Bis vor einigen Jahren wurde noch im Rahmen der Gesetzlichen Krankenversicherung eine Sterbegeld Absicherung ausgezahlt. Auf Grund des prikären Staatshaushaltes wurde das gesetzliche Sterbegeld, das bereits unter Reichskanzler Bismarck eingeführt wurde,  ersatzlos gestrichen, so dass heute eine private Sterbegeldversicherung wichtiger denn je ist.

Kritiker einer Sterbegeldversicherung können sicherlich als Argument anführen, dass die Summe der eingezahlten Beitrage für eine Sterbegeld Absicherung bei einem sehr langen Leben des Versicherungsnehmers schon mit der Höhe der ausgezahlten Versicherungssumme zu vergleichen ist. Doch diese Denkrichtung ist zu kurz gedacht, da eine Zusatzversicherung immer aus dem Blickwinkel aus gesehen werden muss, dass diese eine Risikoabsicherung darstellt. Leider wird nicht jeder Mensch 80 oder 90 Jahre alt und da eine Sterbegeldversicherung, die ab dem 40. Lebensjahr abgeschlossen werden kann, ein ganzes Leben lang leistet, lohnt der Abschluss in jedem Fall. Werden dagegen statt einem Sterbegeld Tarif  finanzielle Mittel für den Ernstfall beiseite gelegt, besteht keine Garantie, dass dieses Geld nicht anderweitig ausgegeben wird, denn wer denkt schon gerne an die unangenehme Möglichkeit morgen sterben zu müssen?
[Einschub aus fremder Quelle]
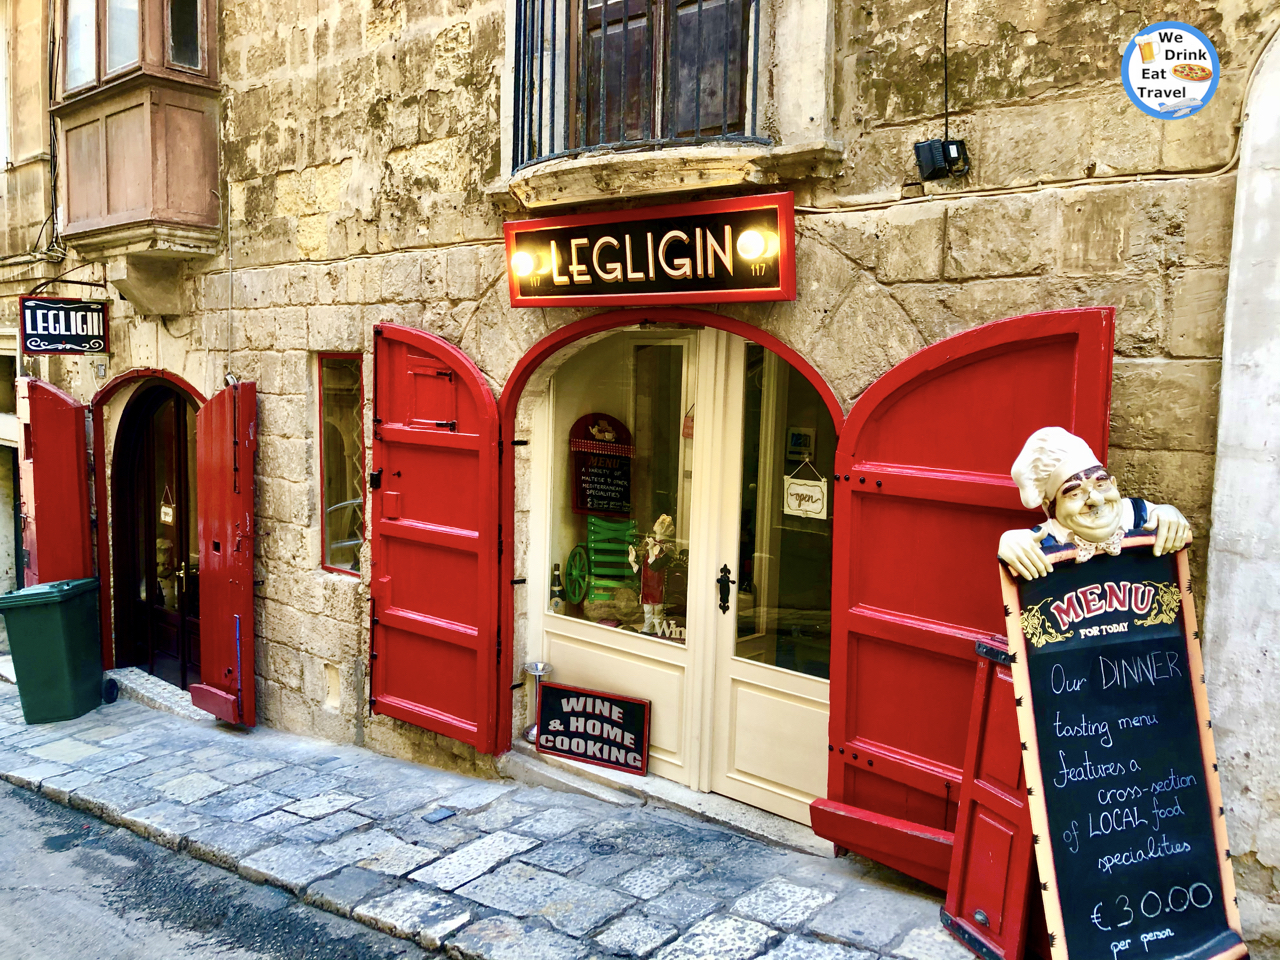 malta valletta restaurants

Mit einer Sterbegeldversicherung braucht man sich darüber – zumindest was den finanziellen Aspekt betrifft – keine Sorgen mehr zu machen. Außerdem zahlt eine Sterbegeld Absicherung nach einer gewissen Wartezeit von meistens 36 Monaten (bei manchen Tarifen auch deutlich weniger) die vereinbarte Geldsumme, was beim privaten Sparstrumpf nicht der Fall ist.  Aber auch andere Möglichkeiten der finanziellen Vorsorge kommen nicht in Frage. Die weitaus beliebtere Risikolebensversicherung und auch die Lebensversicherung zahlen nicht dann, wenn das Geld dringend gebraucht wird, sondern zu einem fest gelegten Zeitpunkt. Daher sind diese Zusatzversicherungen auch besser für die Altersvorsorge geeignet und Voraussetzung für die Aufnahme ist das Bestehen einer Gesundheitsprüfung, während eine Sterbegeldversicherung bis zu einer Versicherungssumme bis zu 20.000 Euro ohne Gesundheitsprüfung möglich ist.